The nurse is looking at what came back and can adjust it. And the experience that we get when people see about 95, 97 percent of what they said is put in formatted in a, in the report that they’re going to need to create anyway. That’s the validation, right? The user. And the system learns the more often it does that.
Is that does that help? Explain. Yeah, I think it does for me. You guys can put in the chat. I know that we’ve been using the zoom transcription services and it is really accurate. It’s scary accurate actually. So it’s really interesting how this technology has continued to evolve to just become more and more [00:43:00] accurate than it used to be in the past.
I think it’s a question of tuning models to fit situations. It’s think about having a garage with. Everything like a tractor trailer, a fast race car. You don’t want to have one vehicle trying to do everything. That runs in tremendous issues with performance. So we’re very sensitive to that experience.
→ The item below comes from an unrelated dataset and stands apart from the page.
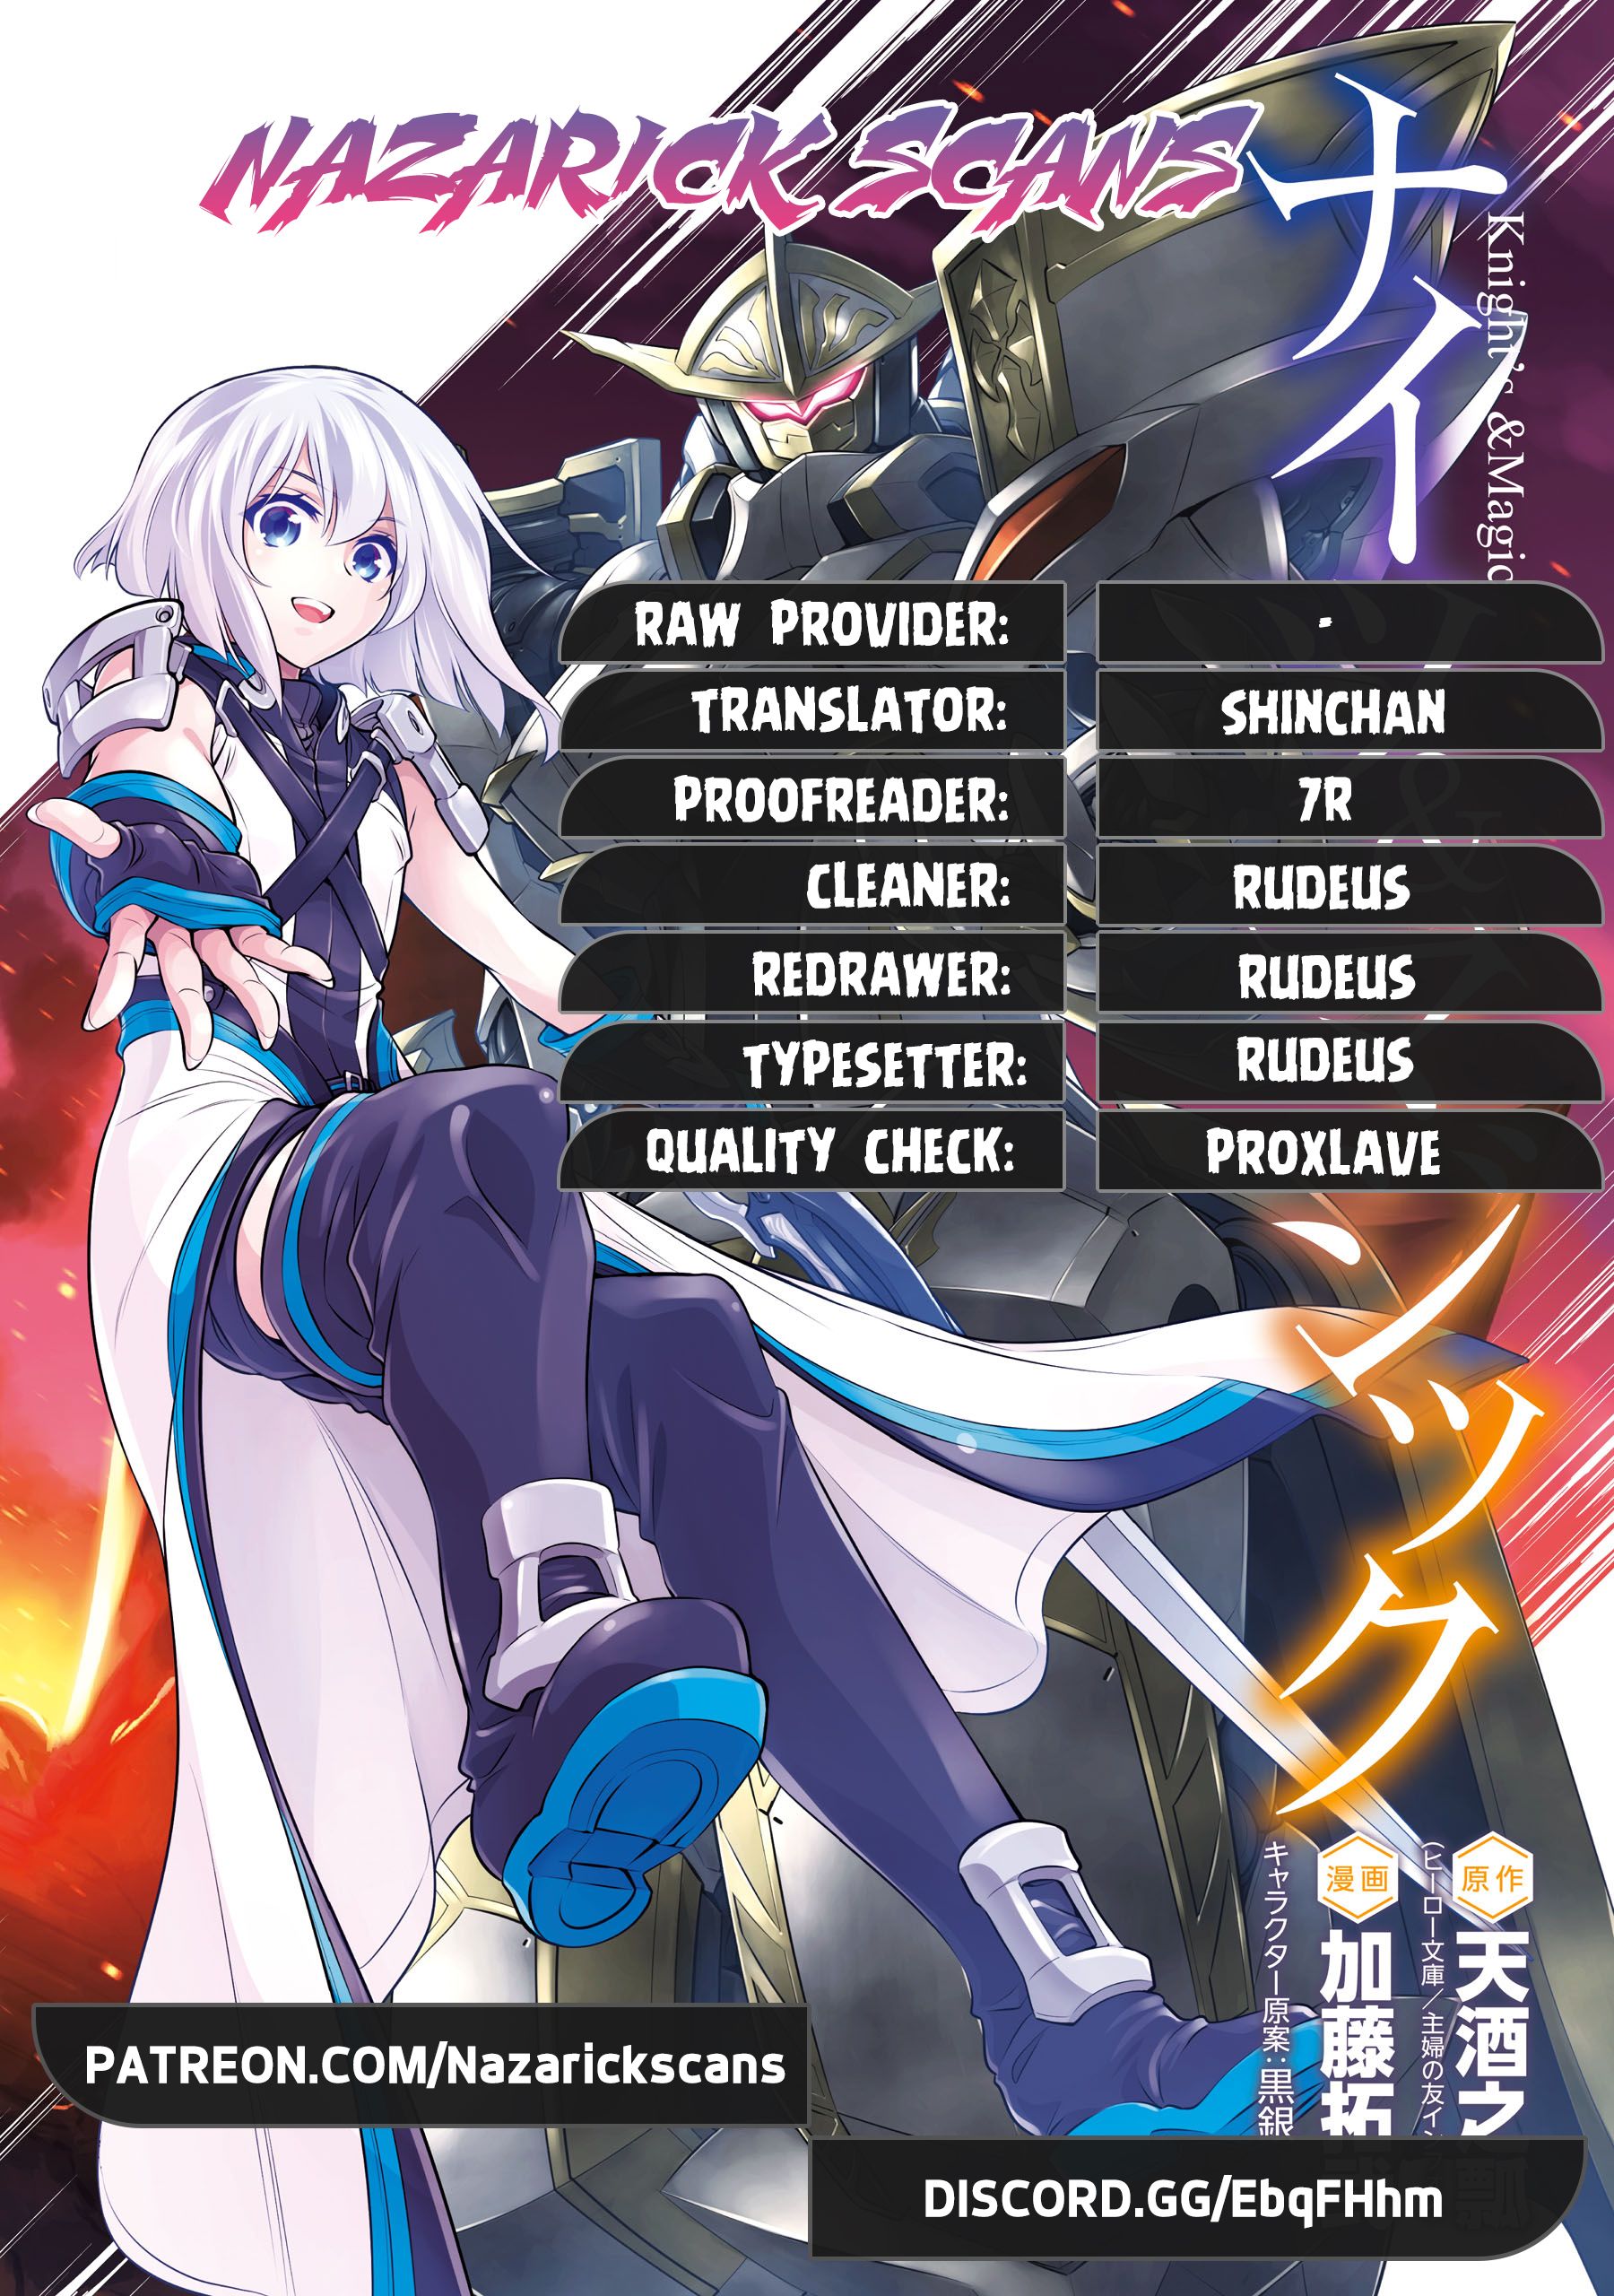 Read Knights & Magic Manga English [New Chapters] Online Free - MangaClash

Thanks. This question doesn’t say specifically who it’s for but Jessica I think I’m going to direct it to you because this is something else I’m also curious about because I’ve had clients ask, how do you. Okay. Monitor your A. I. Outputs. And I think what the question means is who’s checking all this data and are you potentially liable if you’re not responding to me?
Yeah, so so just how I just mentioned sometimes it’s oh, my gosh, I don’t want to be liable. This data comes through and we don’t act on it. So for in those instances, there’s 2 ways. One, a lot of our like independent living communities, they just have a simple [00:44:00] waiver to say, Hey, we’re offering this to you through the community, but we’re not liable.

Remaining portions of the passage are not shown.